The framing used in that post is really useful: it’s less about “are we making progress?” and more “are we on the right branch of the tech tree?”

A lot of people thought RL was the wrong branch: after notable successes from DeepMind and OpenAI, RL had become a bit of a backwater, with some resurgence (in a limited form) from Reinforcement Learning with Human Feedback (RLHF) for preference tuning LLMs.

The reason people keep coming back to reinforcement learning is the ability to discover new things. Supervised learning is somewhat inherently bound by the dataset. A reinforcement process can continue to explore and find new strategies, like the famous examples of AlphaGo choosing moves humans wouldn’t have. Tim Lee has an excellent non-technical introduction to the evolution of RL that mentions this: Reinforcement Learning Explained

In short, imitation learning can rapidly teach a model to mimic the behaviors in its training data, but the model will easily get confused in unfamiliar environments. A model trained with reinforcement learning has a better chance of learning general principles that will be relevant in new and unfamiliar situations

In this direction, a recent paper, [2507.00432] Does Math Reasoning Improve General LLM Capabilities? Understanding Transferability of LLM Reasoning, suggests¹ that reasoning generalizes better from RL-driven learning than supervised fine-tuning.

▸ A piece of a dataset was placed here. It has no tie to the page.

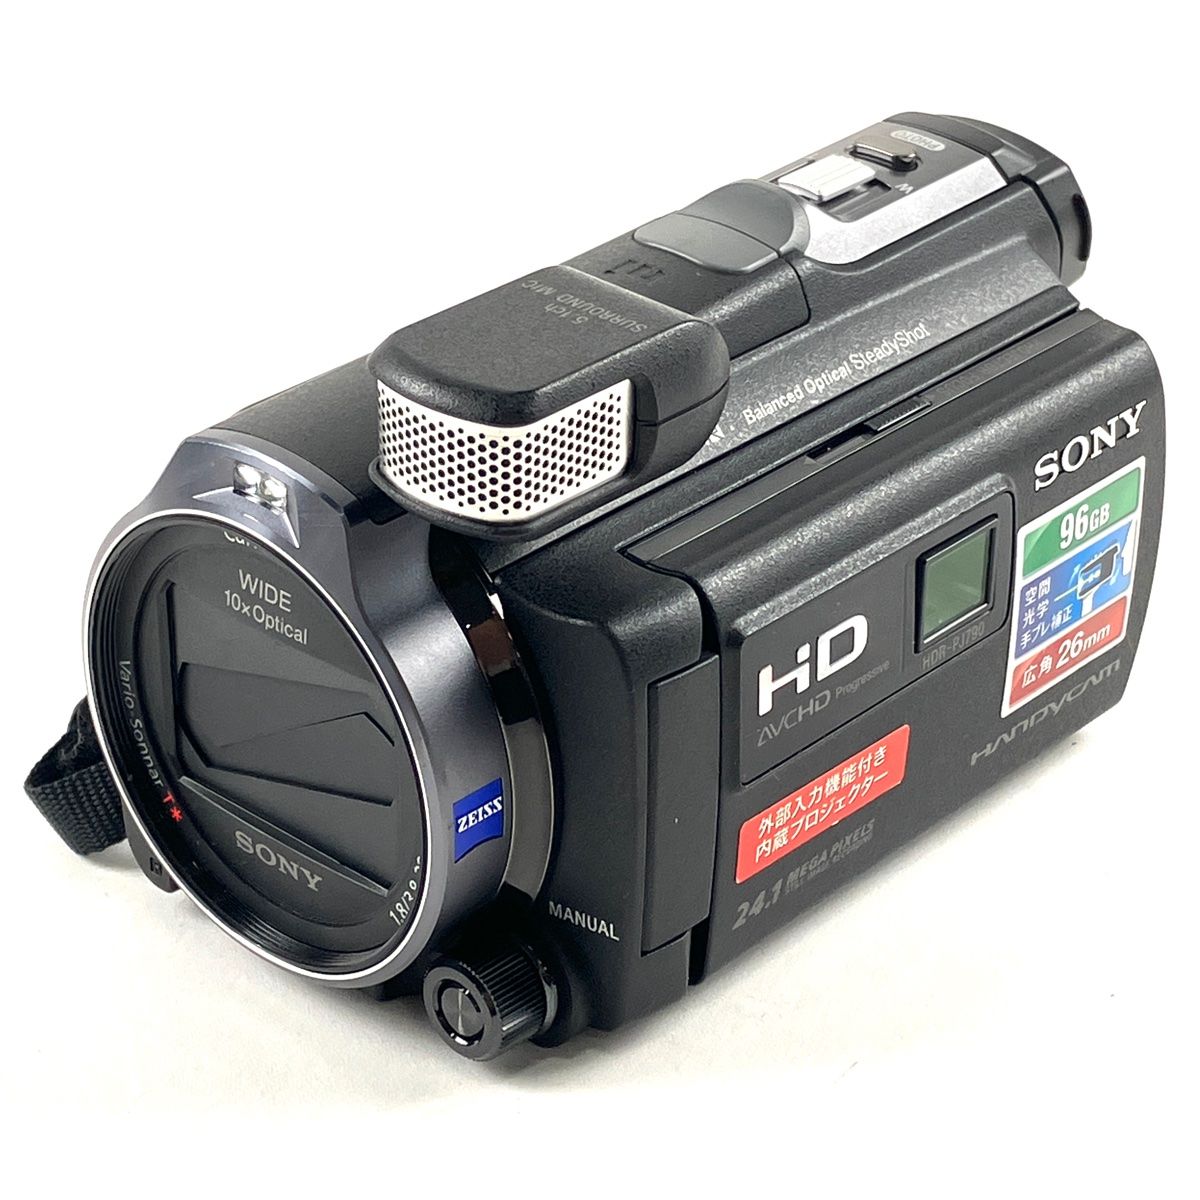 ソニー SONY HDR-PJ790V デジタルビデオカメラ 【中古】

RL-tuned models achieve significant gains on math reasoning while preserving positive transfer to other reasoning tasks and non-reasoning tasks, whereas SFT often incurs negative transfer on non-reasoning benchmarks. Second, PCA analysis of latent space confirms that RL induces minimal drift from backbone representations thus maintaining feature stability, while SFT produces larger latent shifts, especially in non-reasoning domains. Third, token-distribution analysis shows that RL selectively adjusts only a handful of task-relevant tokens, whereas SFT perturbs many irrelevant tokens, indicating RL’s more targeted optimization.

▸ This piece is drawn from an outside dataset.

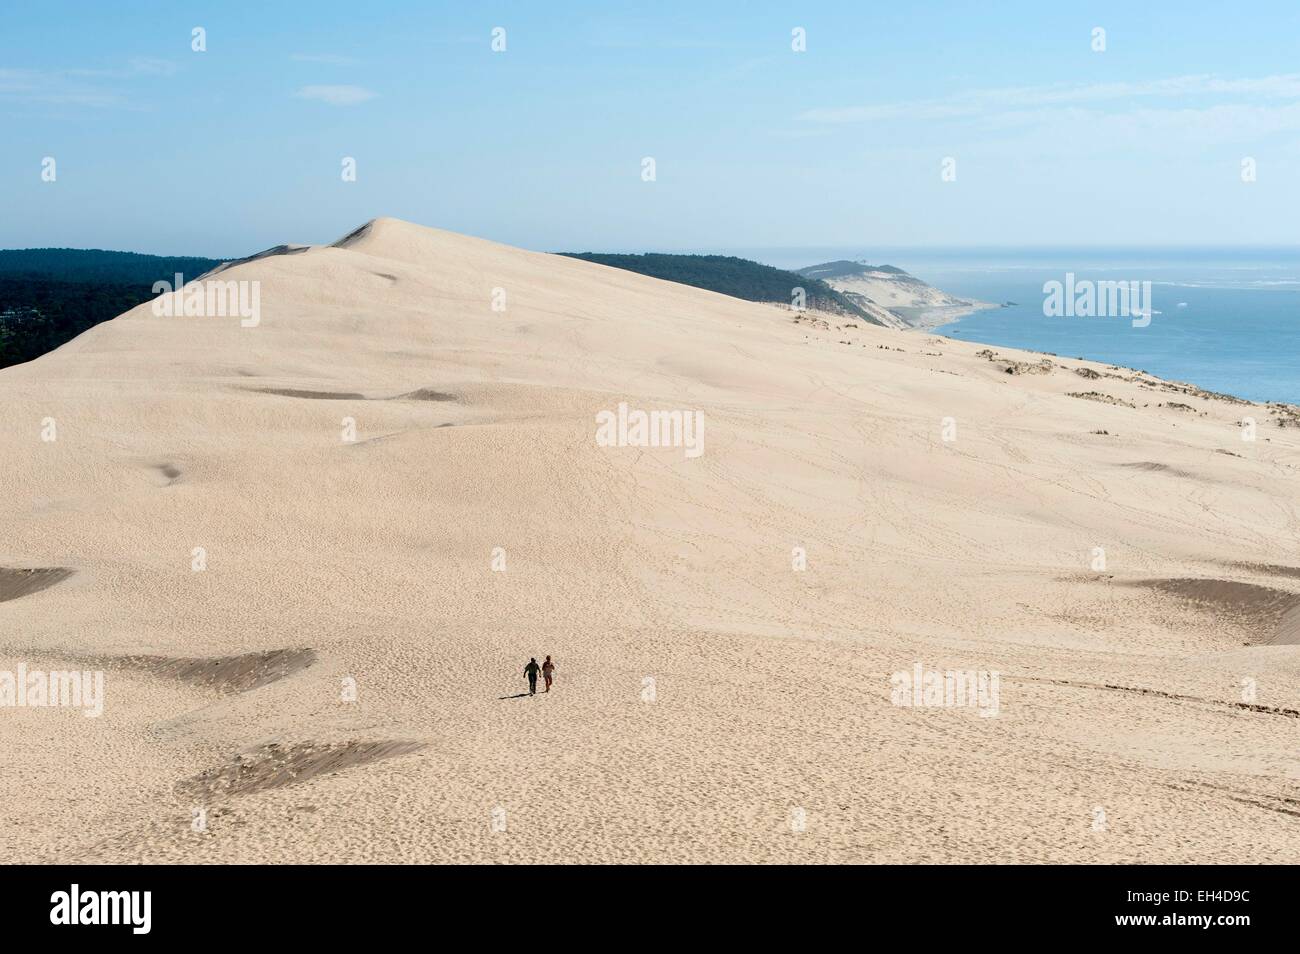 France, Gironde, La Teste de Buch, Dune du Pilat est la plus haute dune d'Europe (110m), en train de marcher sur la dune Banque D'Images

RLHF is implemented by first training a reward model based on human preference feedback: you give people two versions of an answer, they tell you which one they prefer, you then train a model to predict those ratings. That reward model becomes the scoring function during post-training.

Designing good reward functions has been somewhat of a dark art in RL. The agent optimizes what you ask for, which is not always what you really want². This “reward hacking” phenomenon makes RL agents somewhat brittle, prone to exploiting loopholes in environments in ways no one anticipated.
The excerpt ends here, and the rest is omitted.